▶ What to work on
Please return the lines from the one with "An Audi A8 on display at an auto show" through the end of the listing below, word for word, with every picture left out.

▶ Information provided
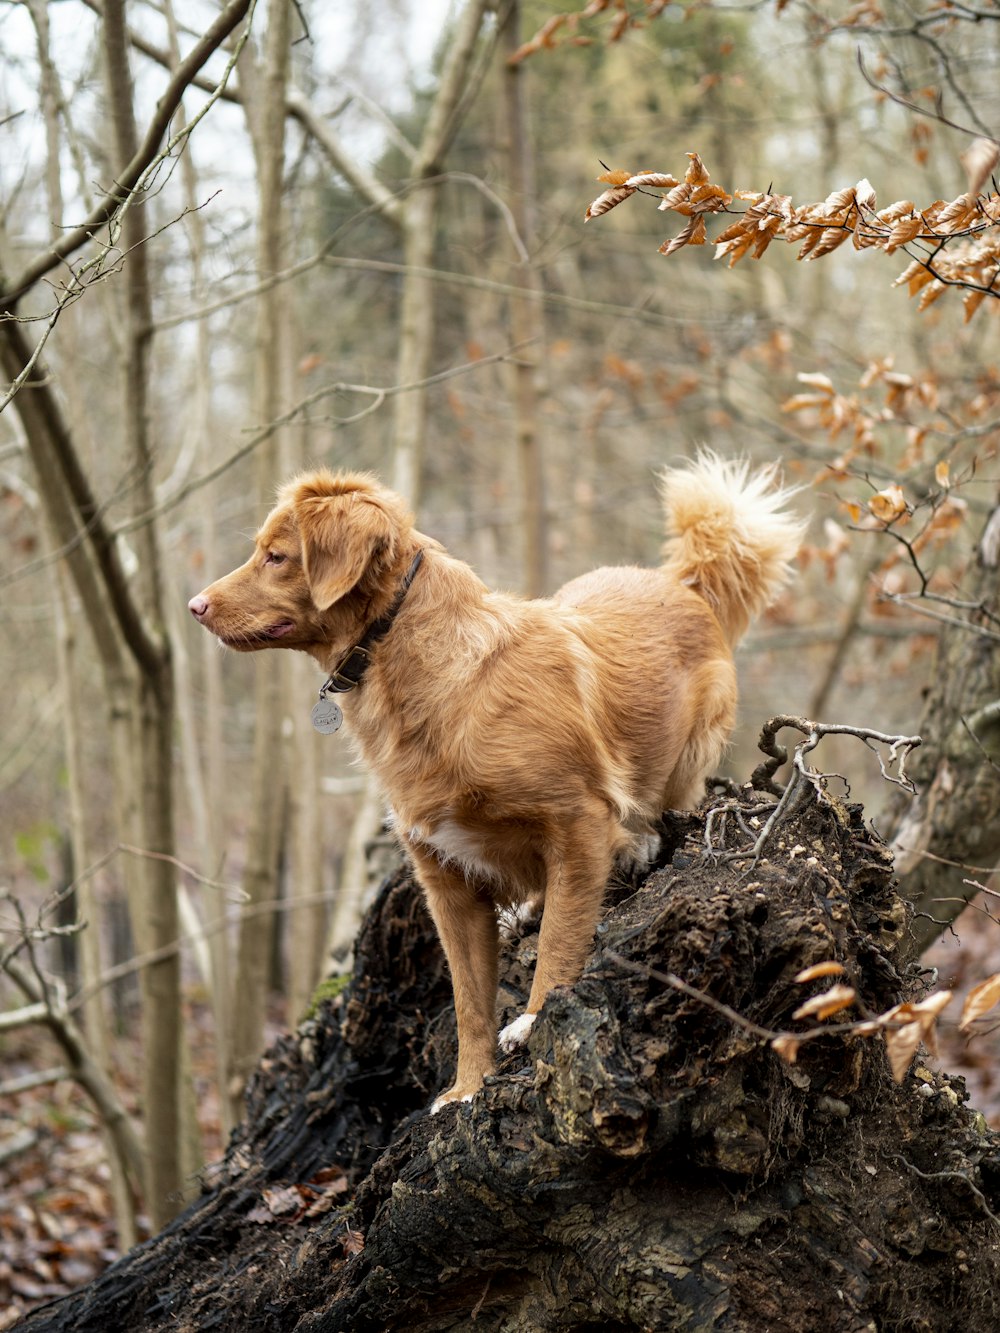 brown short coated medium sized dog on brown tree trunk during daytime
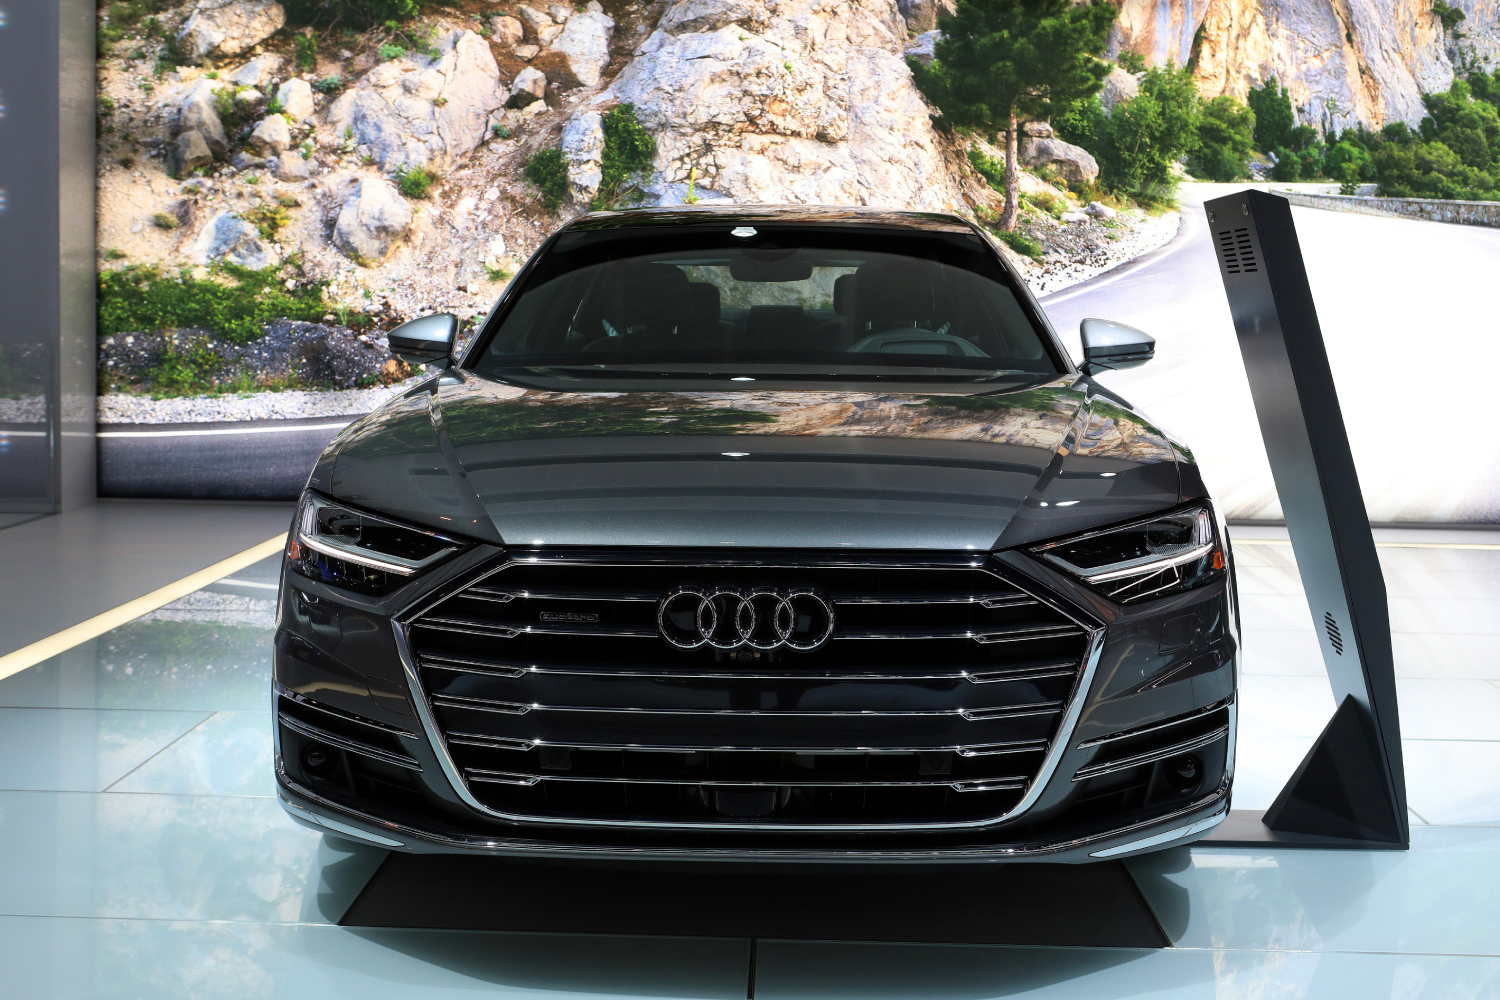 An Audi A8 on display at an auto show
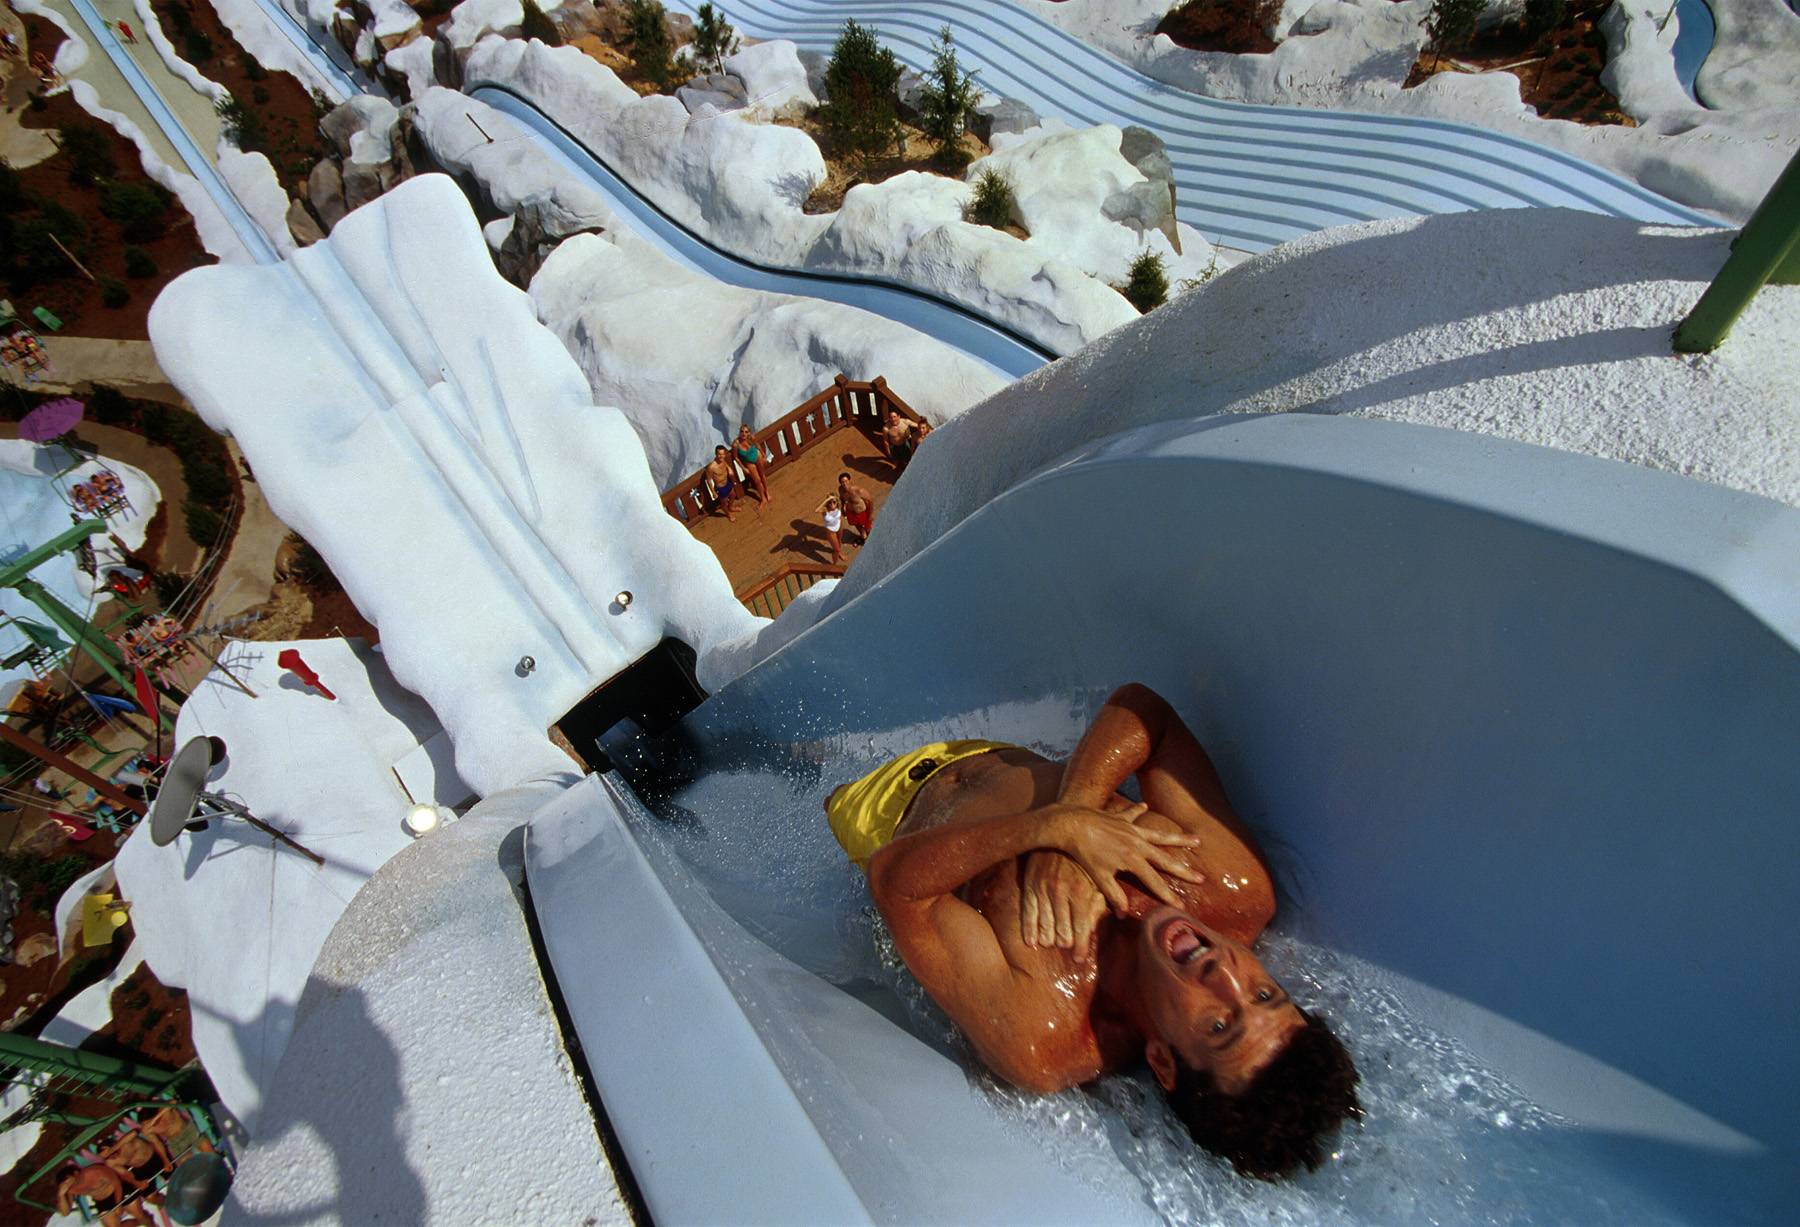 Blizzard Beach had its last day of operation on March 16 before closing for refurbishment

▶ Exercise result
 An Audi A8 on display at an auto show
 Blizzard Beach had its last day of operation on March 16 before closing for refurbishment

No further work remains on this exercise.